To enhance mass transfer, the hydrogel was cut into small pieces (~5 mm × 4 mm× 1.5 mm) prior to adsorption. In contrast, a single intact cylindrical specimen (diameter 2.5 cm, thickness 1.5 cm) was also tested. The intact specimen achieved 45% removal after 2880 min, with an equilibrium q_e of 3.53 mg g⁻¹. The cut pieces provided a 77.6-fold higher surface-area-to-volume ratio than the intact sample, enhancing external mass transfer. Moreover, based on the characteristic diffusion–time relationship (𝑡∝L²/D_eff), reducing the characteristic length scale by cutting was expected to accelerate internal diffusion by approximately 100–278 times.

3.6. Adsorption Kinetics

Adsorption kinetics were analyzed using the adsorption time-uptake data and the equilibrium adsorption capacity q_e. The kinetic raw data was carried in the exact same condition as the experimental tests, including adsorbent mass, solution volume, initial concentration, temperature, agitation, and hydrogel geometry. The pseudo-first-order and pseudo-second-order kinetic models were applied, which are commonly associated with predominantly physisorption- and chemisorption-controlled processes, respectively. As shown in Figure 9 and Table 3, the pseudo-first-order kinetic model gave an R² of 0.976, whereas the pseudo-second-order model yielded a higher R² of 0.998, indicating a better fit. In addition, the equilibrium q_e calculated from the pseudo-second-order model was close to the experimental q_e. Therefore, MB adsorption behavior was better described by the pseudo-second-order kinetic model, suggesting that chemisorption played a dominant role in the adsorption process [38].

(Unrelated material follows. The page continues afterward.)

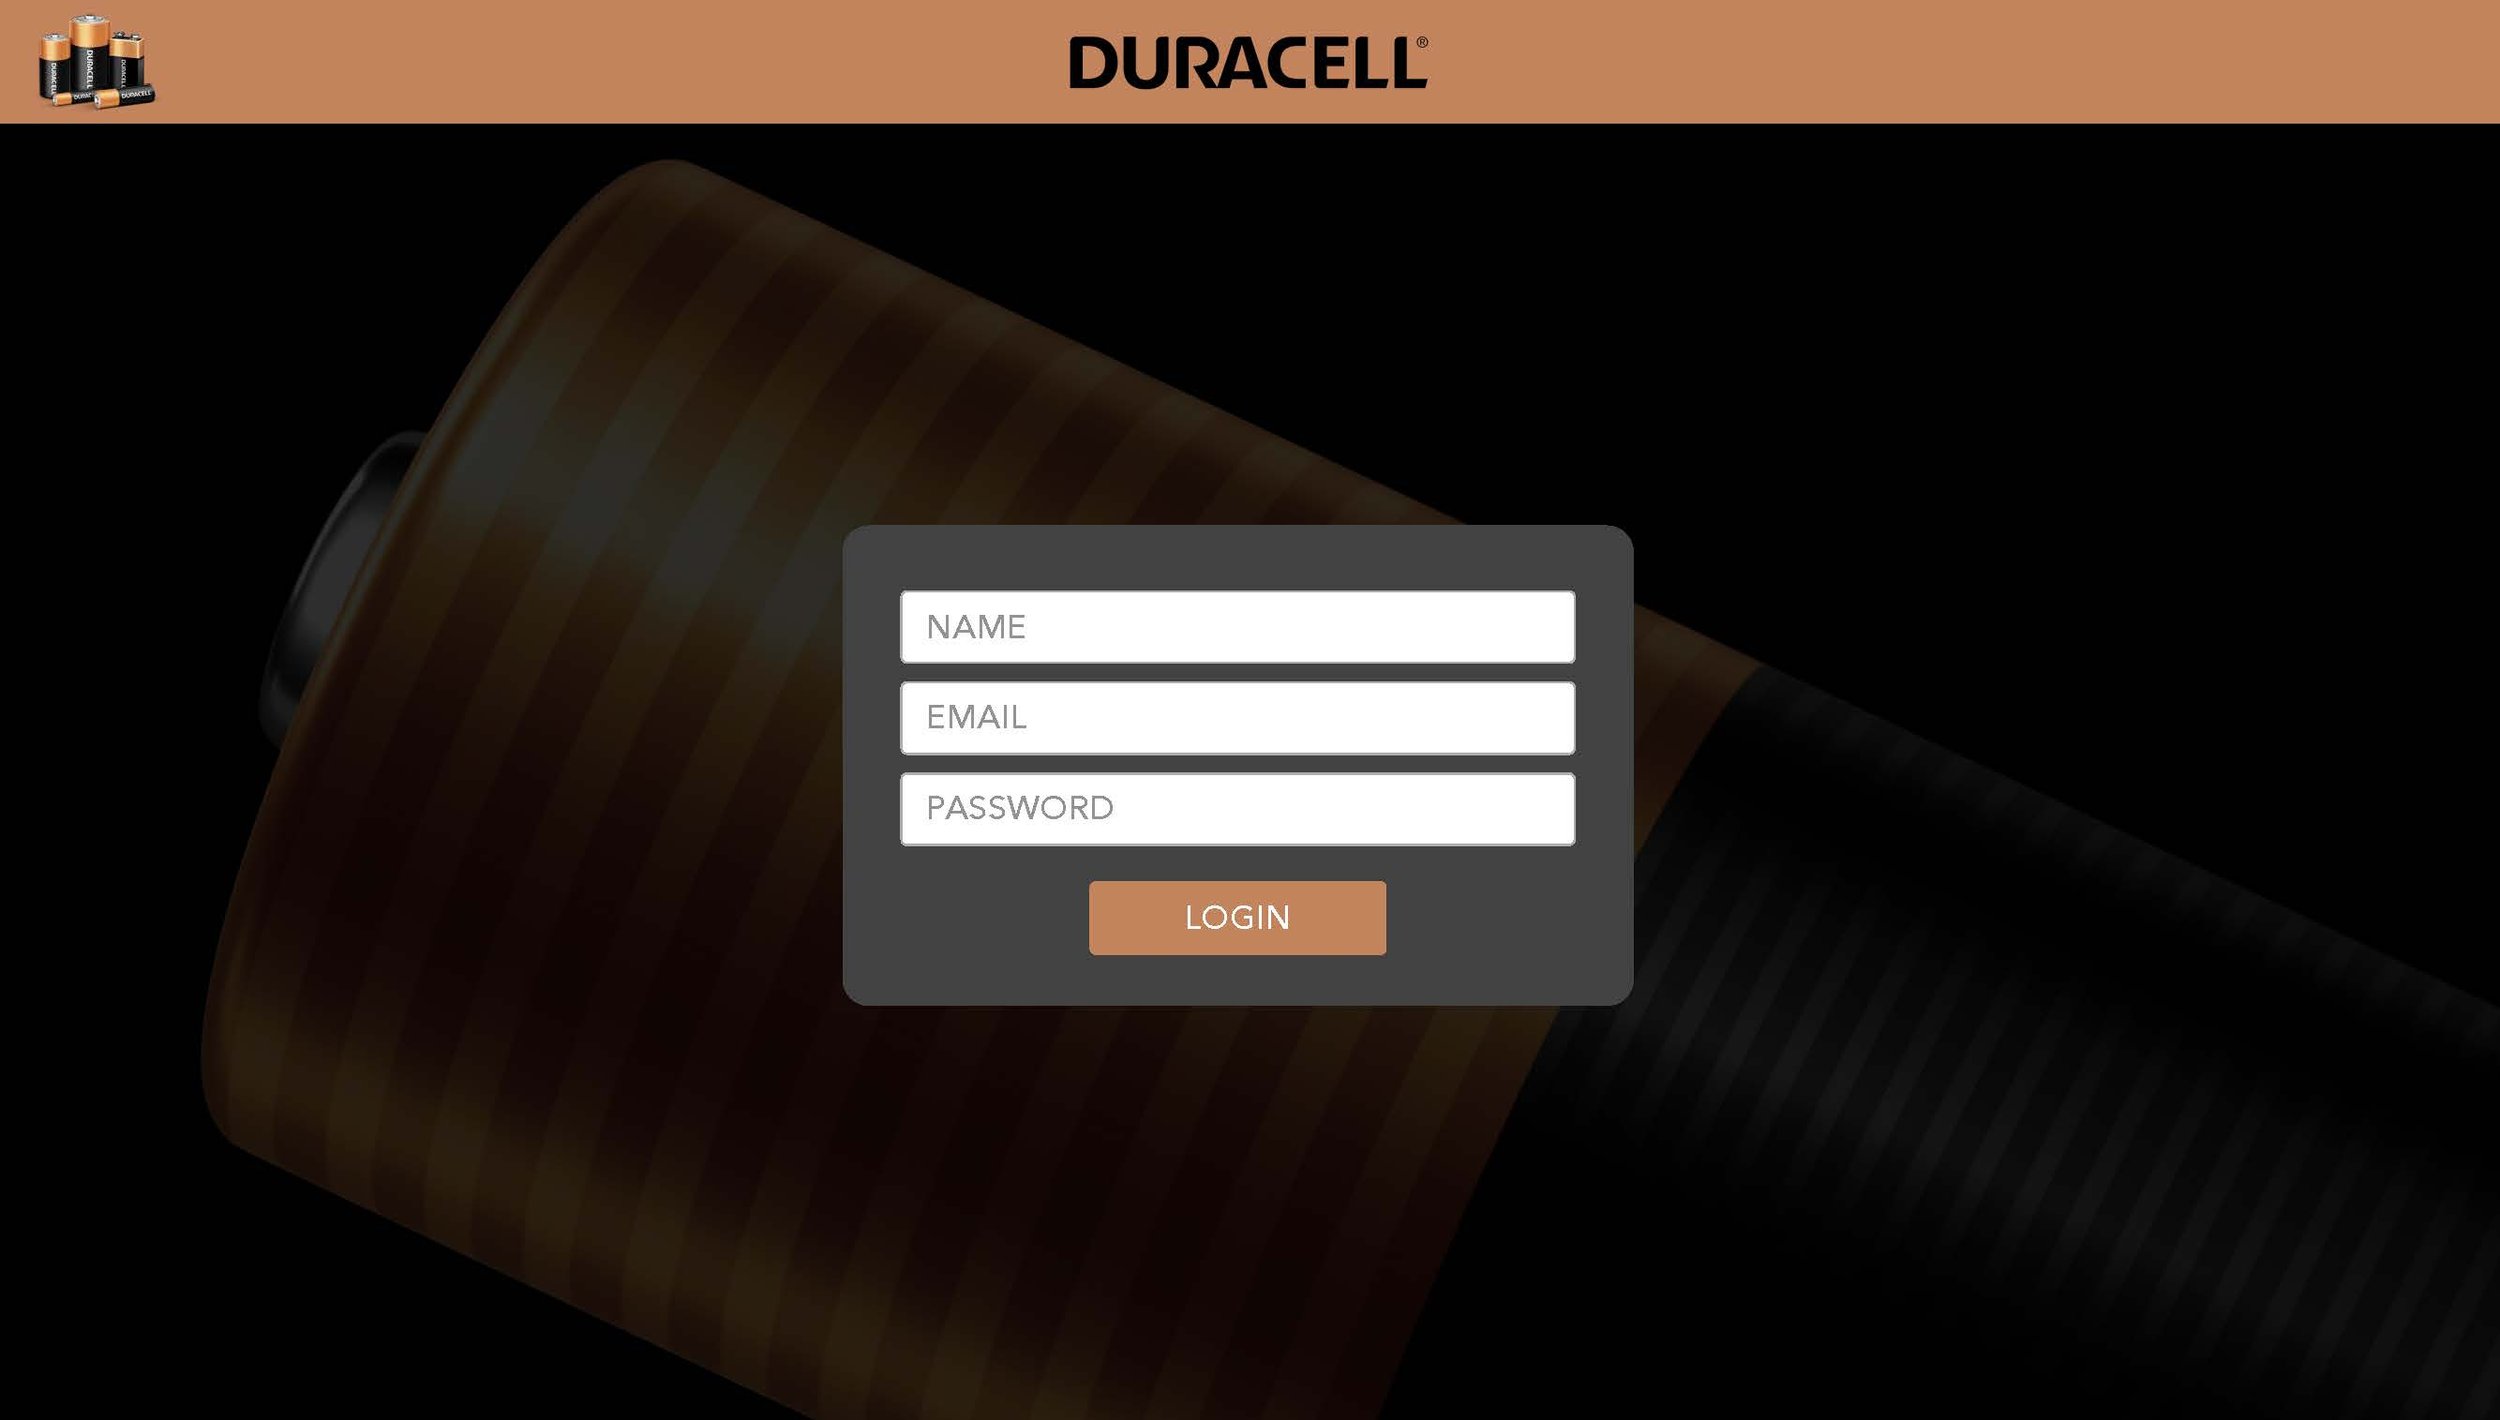 Duracell_Wireframe_final_V2_Page_01.jpg

Figure 9. Pseudo-first-order and pseudo-second-order kinetic models of MB adsorption kinetics.

Table 3. Characteristic parameters of the adsorption kinetics.

Pseudo-first-order	R2	0.976
	k1 (min−1)	0.019
	qe (cal) (mg g−1)	6.382
Pseudo-second-order	R2	0.998
	k2 (g mg−1 min−1)	0.004
	qe (cal) (mg g−1)	6.879

4. Conclusions

Sustainable lignin-based hydrogels were prepared by crosslinking lignin with PEGDGE and SPE. Lignin and SPE functioned as crosslinking components, while PEGDGE provides introduced ductile soft segments into network. Increasing crosslinker content enhanced the mechanical properties of the hydrogels. Based on rheological and compression measurements, LS₉P₁ exhibited the best overall mechanical performance, with a compressive strength of 3.66 MPa and a toughness of 416.84 kJ·m⁻³ at 40% strain. The swelling test showed that lower crosslinker content led to higher equilibrium swelling. Accordingly, LS₁P₉ was selected for methylene blue adsorption from aqueous solution, achieving a maximum removal efficiency of approximately 72%. Kinetic analysis indicated that the adsorption process followed a pseudo-second-order model, suggesting that chemisorption was the dominant adsorption mechanism. Overall, these structure-property-tunable lignin-PEGDGE-SPE hydrogels show potential for wastewater treatment applications.